• **AIM OF THE TASK**
Each line from the one containing "8 incroyables façons" through the last line of the data below should be printed exactly, please, with any pictures omitted.

═════ AVAILABLE DATA

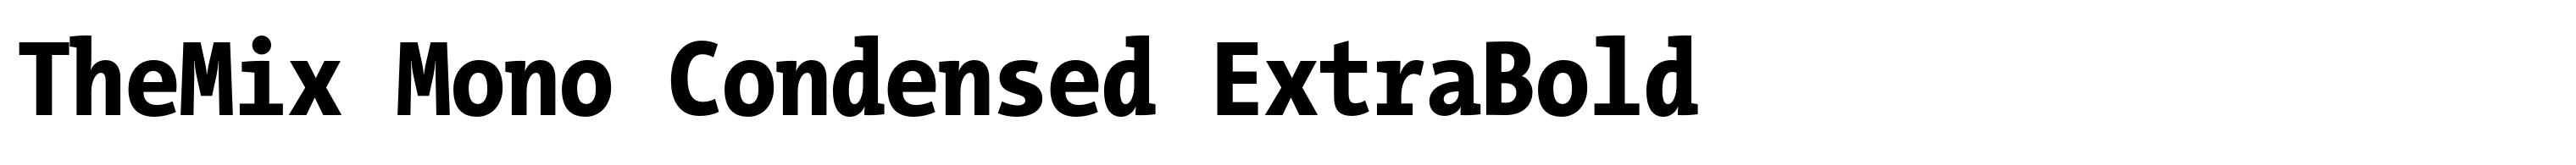 TheMix Mono Condensed ExtraBold
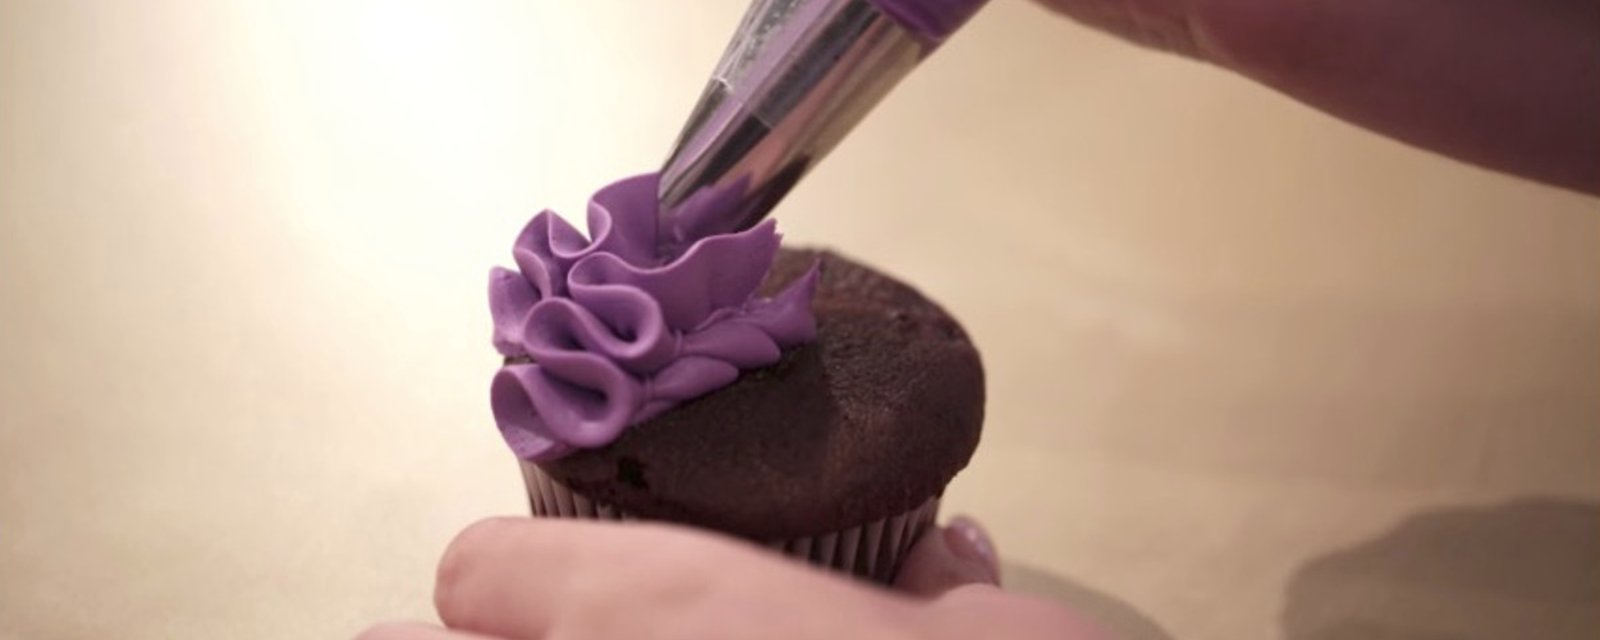 8 incroyables façons de décorer vos cupcakes avec 1 seule douille! 
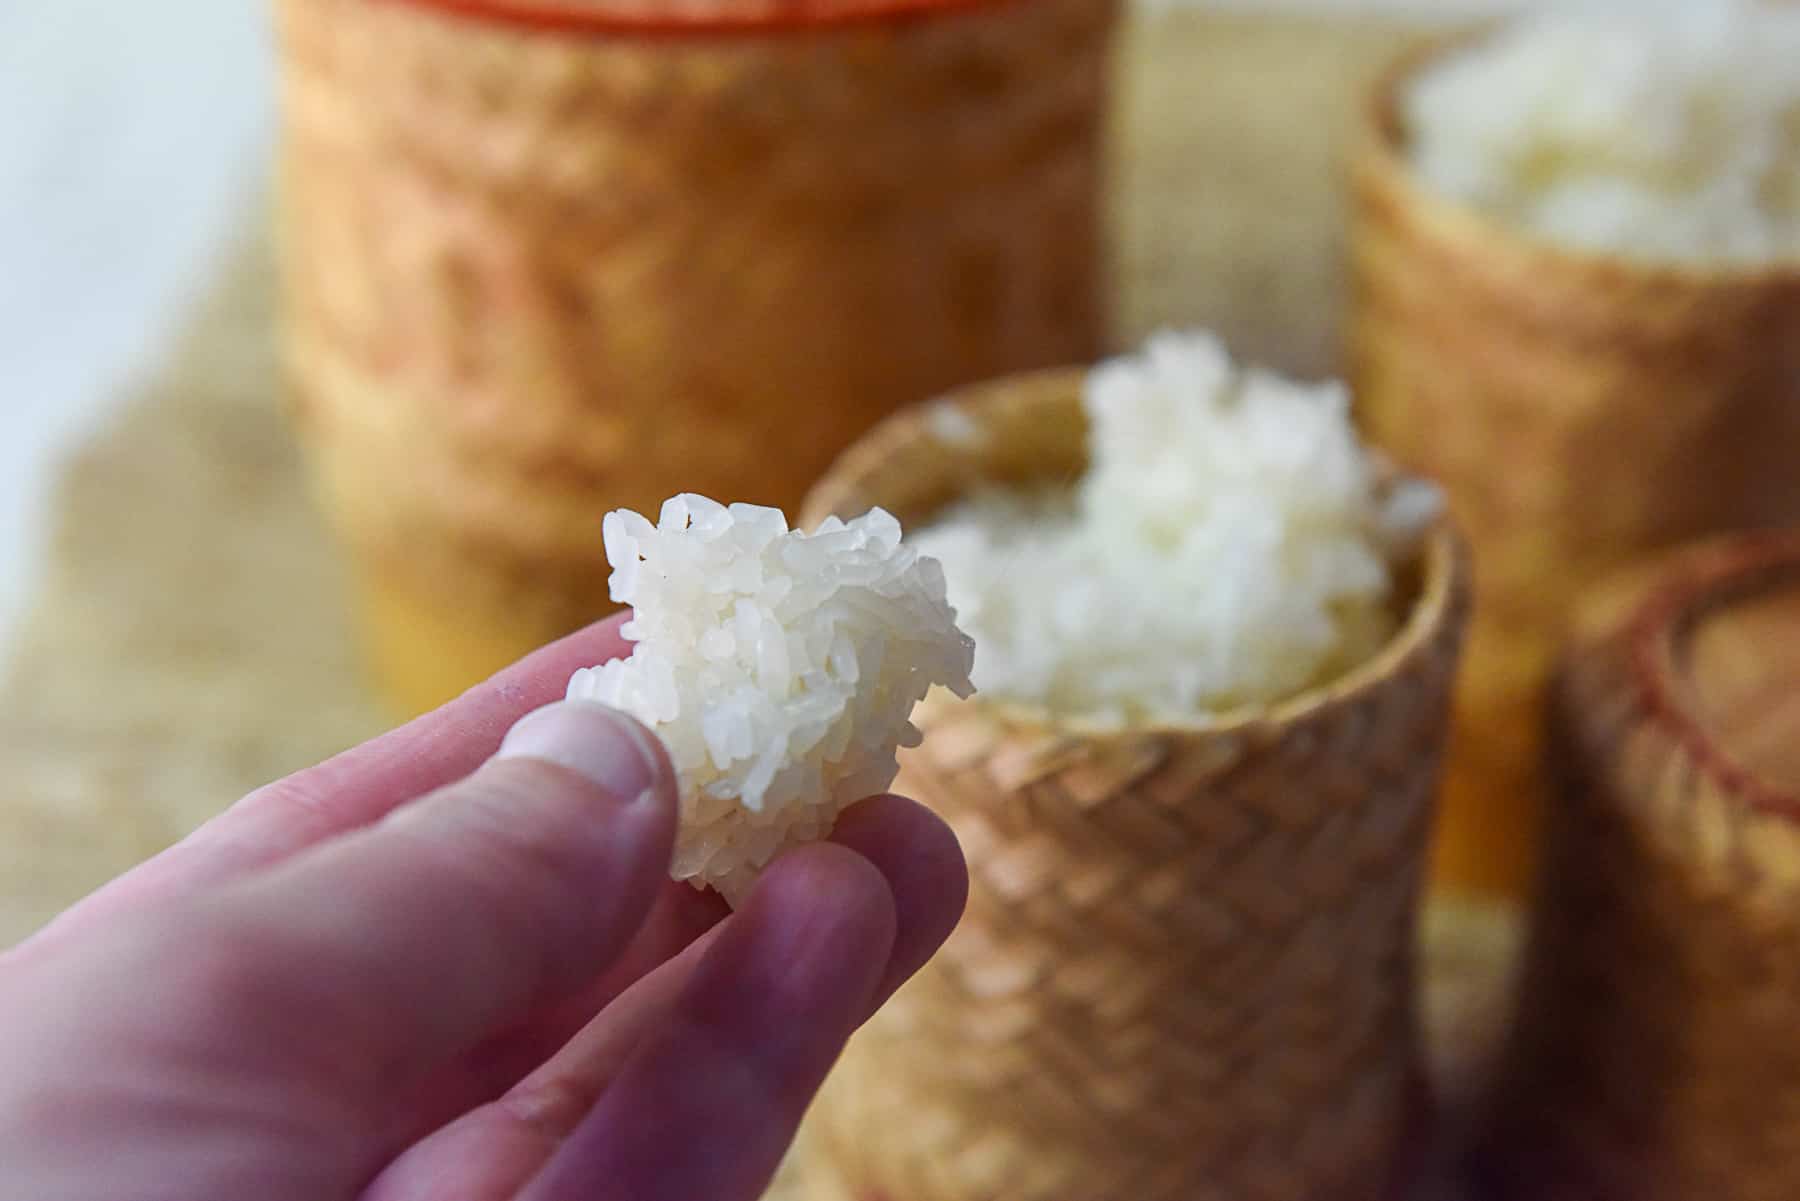 A ball of sticky rice

══════════

• **RESPONSE TO THE EXERCISE**
 8 incroyables façons de décorer vos cupcakes avec 1 seule douille! 
 A ball of sticky rice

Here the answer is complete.